The two, largely automotive component engineering companies, have both cut costs severely to meet downward real price pressures from their big car manufacturing customers. They reaped the benefits in 1992 as profits pulled out of a three-year nosedive.
On an FRS3 basis pre-tax profits at GKN, helped partly by the absence of large closure costs, jumped from pounds 68.7m to pounds 121.8m in 1992. T&N's profits similarly bounced up from pounds 40.4m to pounds 63m.
Both, despite a further nasty bite from unrelieved ACT, held their dividends.
But while GKN made enough earnings, if you exclude exceptional items, to cover a 20.5p dividend, T&N, with earnings of 6p, was well shy of covering its 10.85p payment for the second year running.
GKN generated another sizeable cash inflow of pounds 51m and cut its gearing from 26.4 to 23.3 per cent despite a pounds 28m burden on the translation of currency borrowings.
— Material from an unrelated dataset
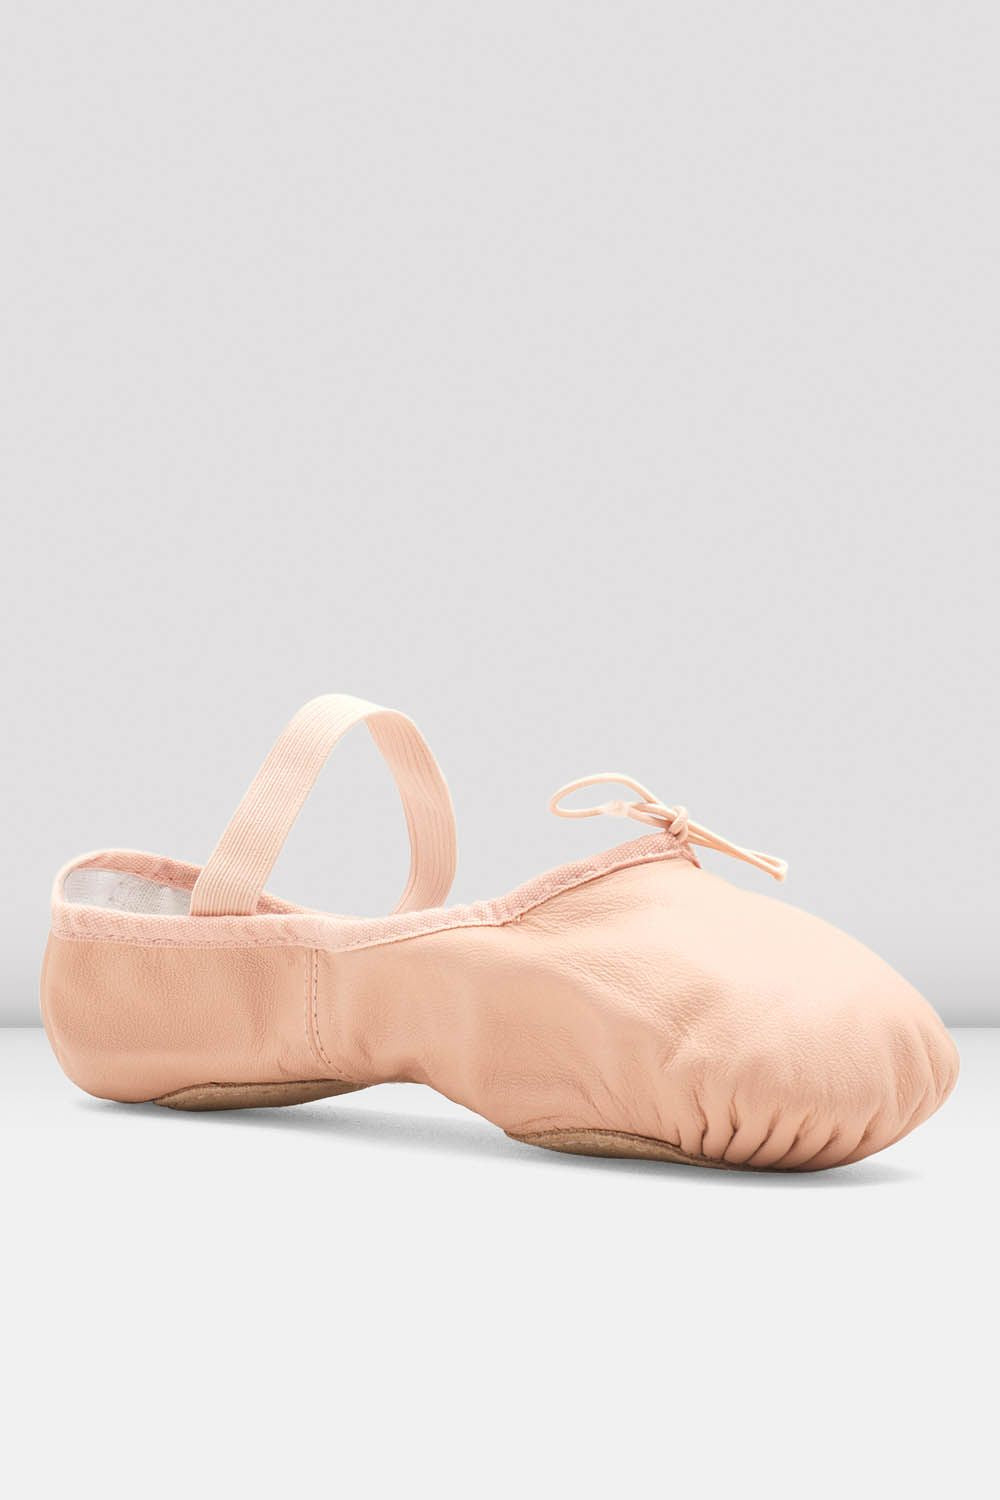 Ladies Dansoft ll Split Sole Ballet Shoes, Pink – BLOCH Dance US

A much more profligate T&N had to borrow pounds 36m to meet the pounds 47m cost of its dividend. Its capital spending ran well ahead of depreciation and nothing was taken out of working capital.
Adverse currency debt translation weighed in to contribute half of a jump in gearing from 31 to 45 per cent. No wonder some suspect that a probable placing to help pay for its pounds 104m Goetze acquisition in Germany may be a prelude to further fund- raising.
For both companies, apart from a continuing boost from lower head-counts, further profits progress will depend on just how quickly the US and UK markets pick up and just how badly the German market falls away.
Unlike GKN, T&N exports 50 per cent of its output from a highly competitive UK base and will be able to enjoy some limited devaluation benefits, car makers allowing, from sterling's fall. T&N, which may be hard-pushed to make the pounds 80m necessary to cover its dividend in 1993, is yielding 7.7 per cent at 187p, up 2p, and GKN, intent on rebuilding cover, yields 5.6 per cent at 485p.
The uncertainty over Germany could further dampen enthusiasm for either share.
Yesterday's View from City Road should have quoted Sir David Lees, chairman and chief executive, as saying that, having located close to its customers it was not viable for GKN to close down plants in Germany and supply its German customers from a UK base - not, as reported, that it was not viable to supply European automotive customers from a UK base.